I was French again for three weeks. Granted, I'm a French citizen, and have been for a third of my life, but even so, it is when back on French soil, living in France, that my French me comes back to the fore.
It happens slowly. First I had to get in a car and depart snowy Northern Michigan, in a lake effect blizzard no less, and drive to Chicago where I spent a lovely evening with dear friends and voracious travelers. We shared my cheese, my venison pâté, their good wine. The next morning I stepped out into perhaps the coldest morning I've experienced in my entire life. I don't think Manhattan winters were ever this bad. Chapeaux to my Chicago friends for surviving that cold! Wow. And then off to the airport, and the two planes to Marseille, then the ride to my home. Then in through that blue door with my name afixed to it. A tangible note stamping this my place.
What is the most French of all? What is iconic and simply screams French? Well, un café et une brioche bien dorée. Exquisite, simple, lovely.

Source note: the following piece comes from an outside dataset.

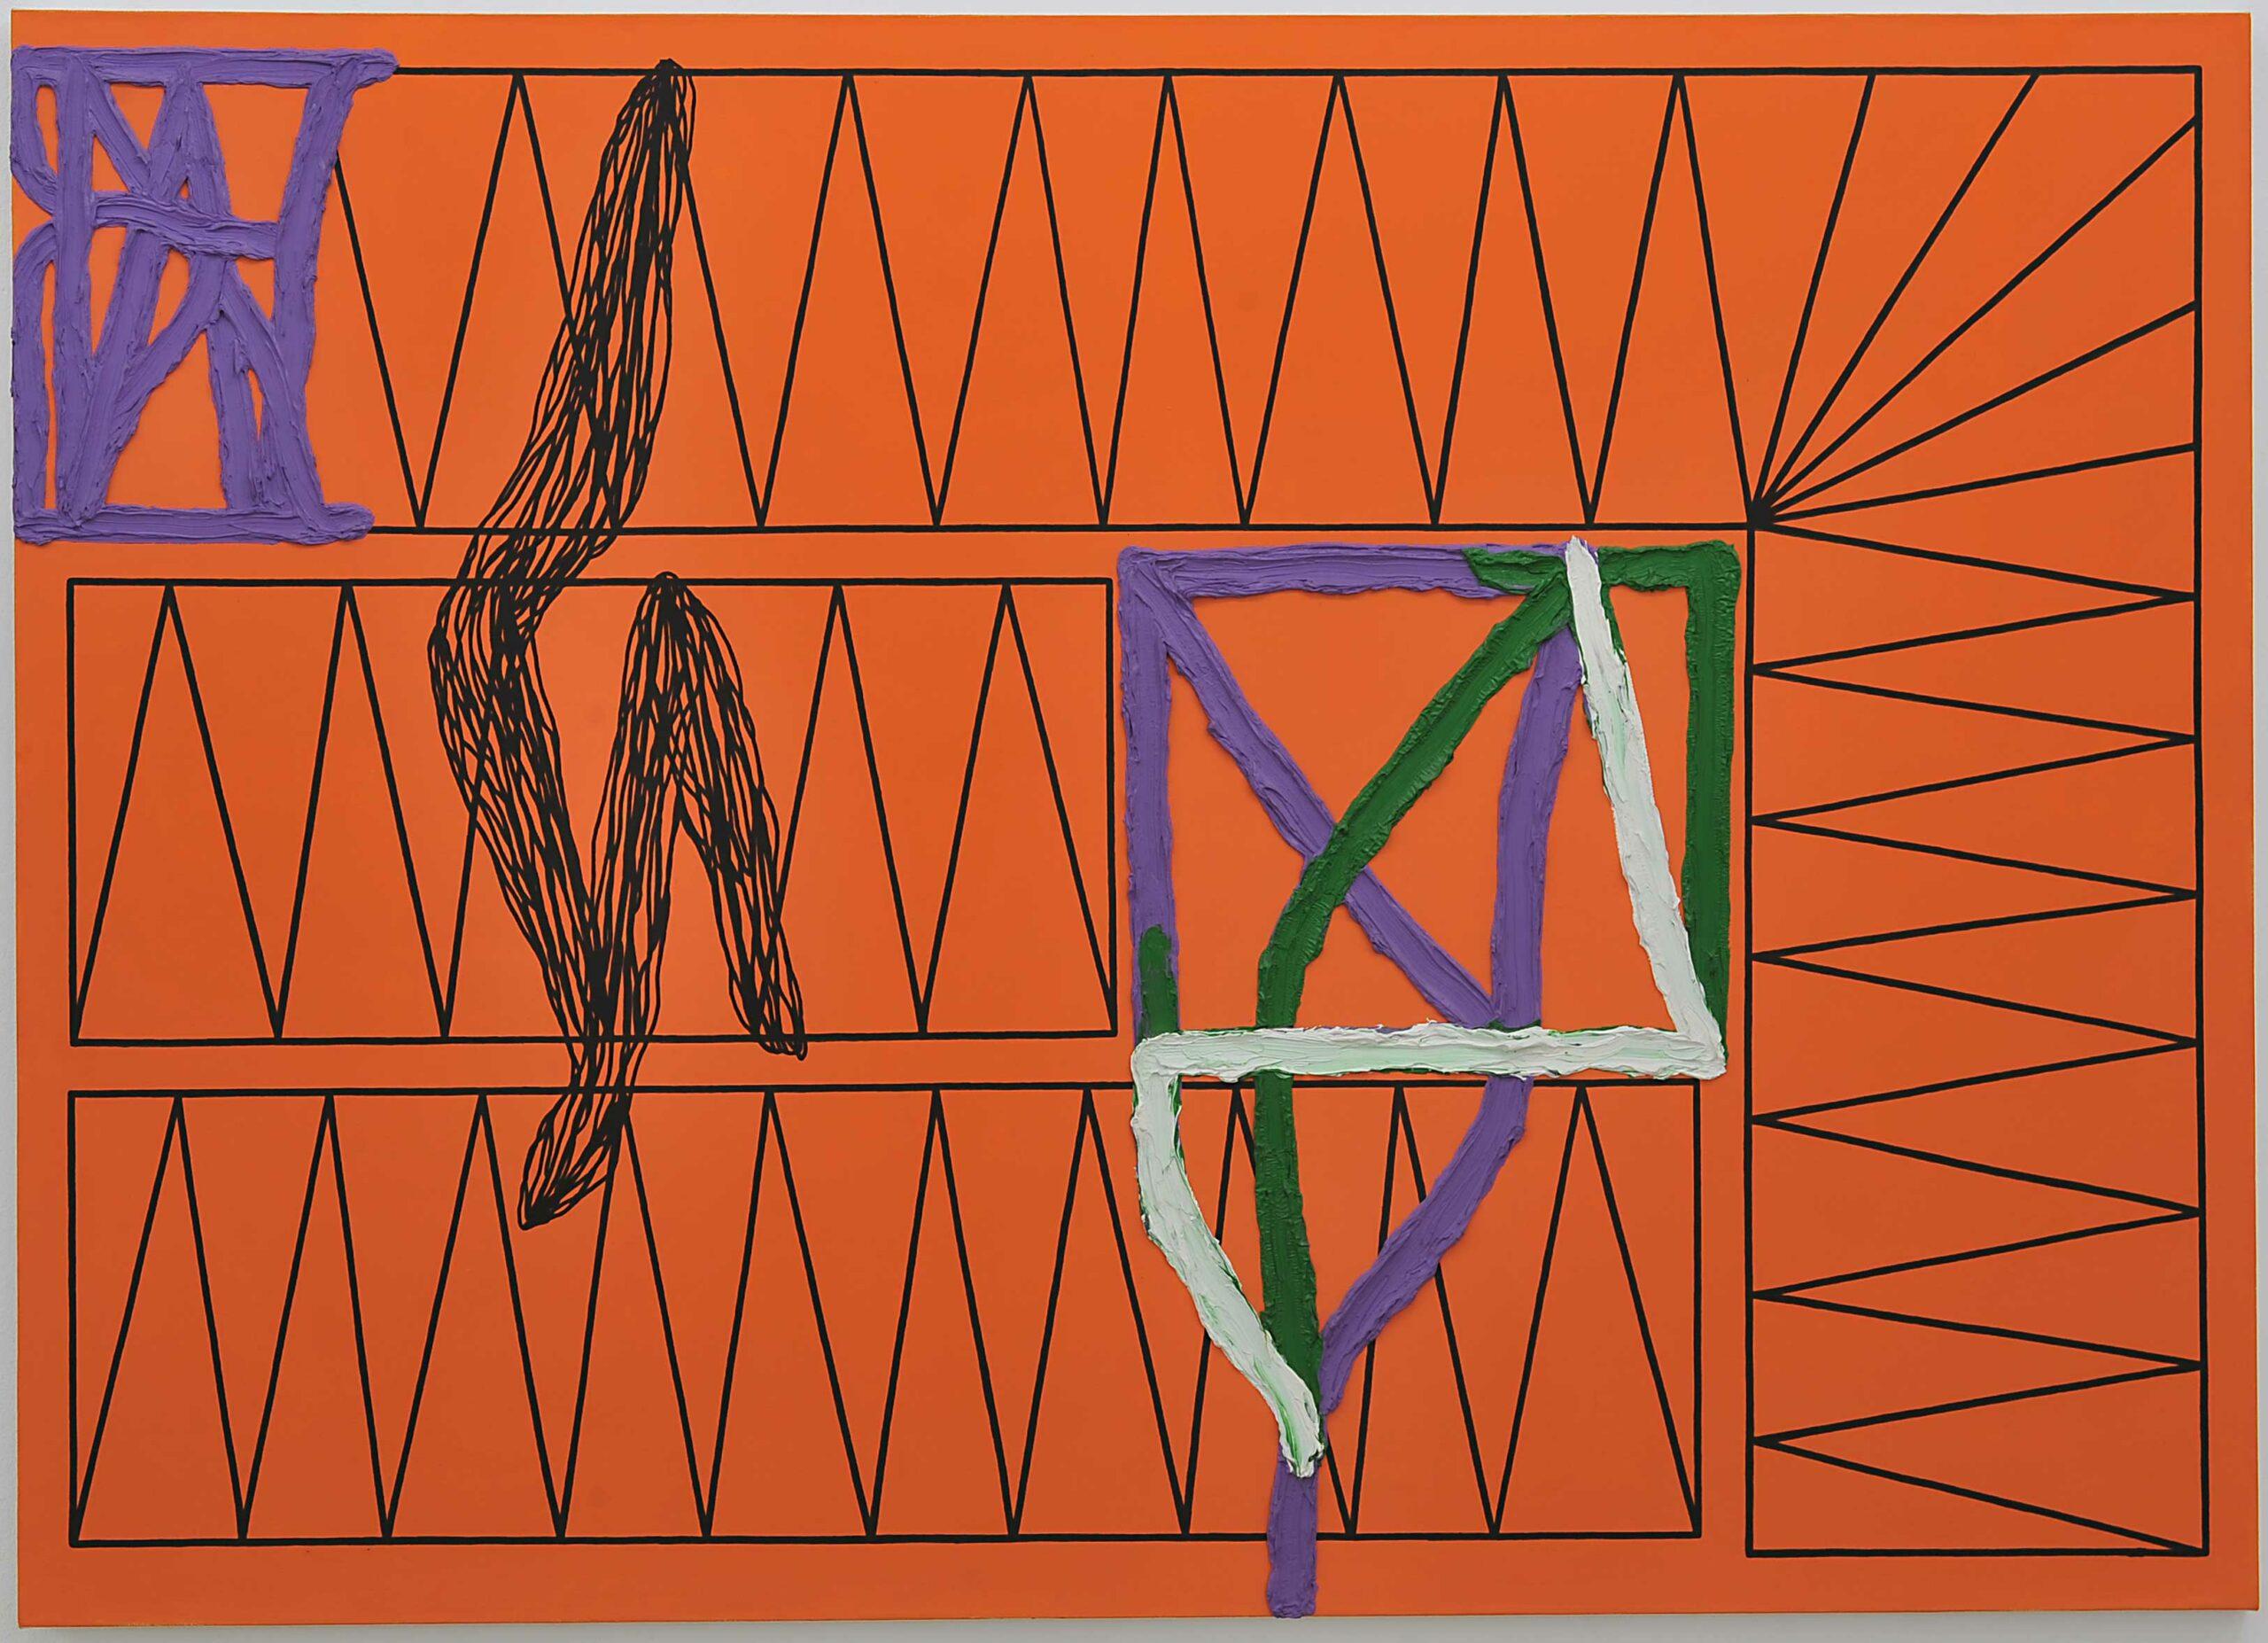 Kienzle Art Foundation Berlin, Painting by Jonathan Lasker, Kienzle Collection

That hit of dark power slips down my throat, the golden tender crumb is even better dunked in the dark thick café. Dense enough for a spoon to stand upright, or dissolve, take your pick. And around me hums the weekend shoppers at Les Halles, choosing their vegetables, their petits plats, breads, cheeses, charcuterie, oysters from a nearby estuary off the Mediterranean, or imported overland from Brittany. Baskets, rolling carts, filled and overflowing. Babies in back carriers, couples strolling together after perhaps a magical night of dancing, grandfathers introducing their grandchildren to the buzz and joys of shopping for the family meal. Yes, this is very French. And no doubt Italian, and I'm sure resonates for a number of other cultures. But here, well, I'm in France, Avignon, the heart of the Côte du Rhône Valley where so many are revelling in the unseasonably beautiful weather, strolling the city streets, sitting outside in the bright sunshine, covered for the chilly breeze but soaking up the winter rays. Is it really mid January?

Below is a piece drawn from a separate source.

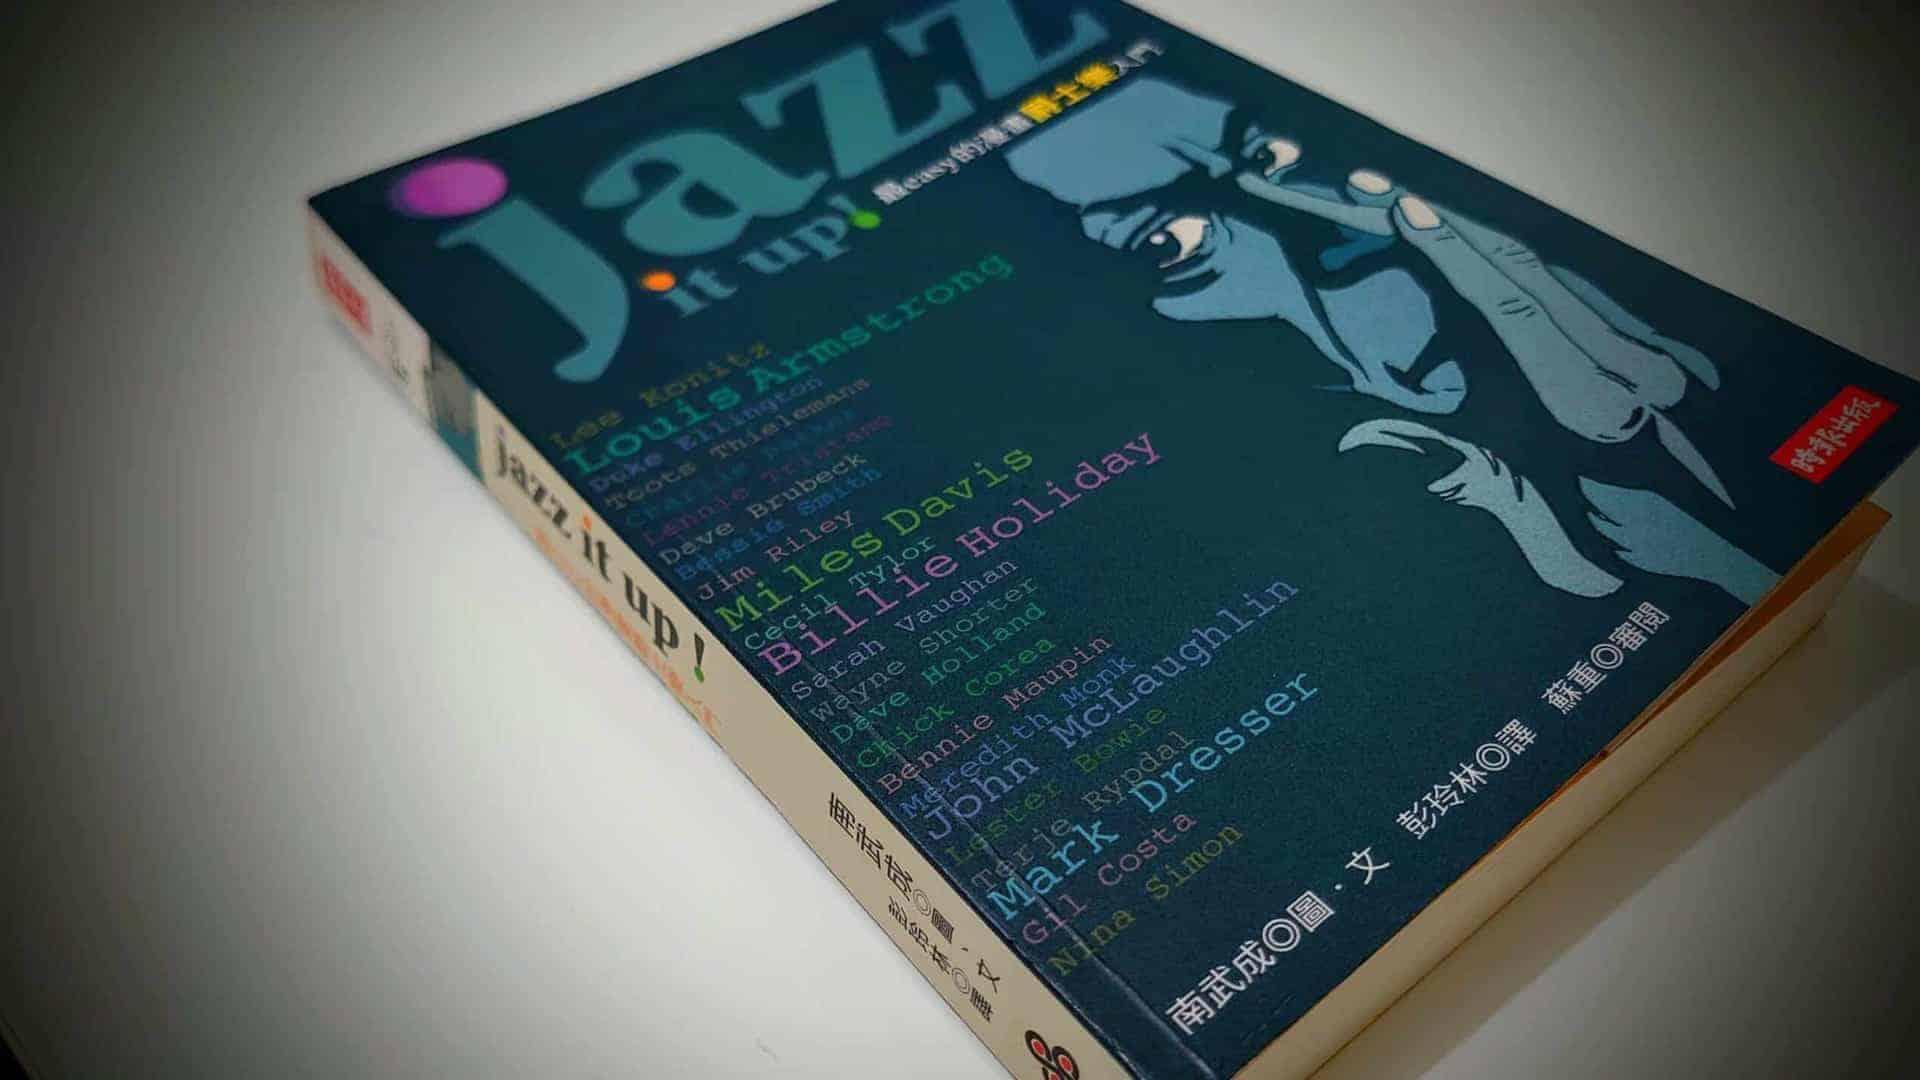 《Jazz it up! 最 easy 的漫畫爵士樂入門》

I purchase 250grams of truffles to start the week. Then I check under my stairwell to see if what I'd put away last year (what wasn't drunk last year - when we made a serious dent in my wine cellar over the 2 weeks of classes and numerous dinners and visits at the house). What more do I need? A selection of cheeses, raw milk to make some ricotta/brousse and pastry cream, eggs from a local supplier, and vegetables to balance out the richness of the week's fare. But I also stop by the organic whole sale supplier where I pick up my favorite organic flour blends. I get some baker's yeast from M. Le Blanc in Arles, where I also pick up a box of chocolates and two variations on the Kings' Cake.
I start my bread, pull my personal dishes out of storage, make up the beds, scrub the bathroom and kitchen surfaces, mow the lawn, and then take a moment to walk outside, on my favorite path by the Rhône.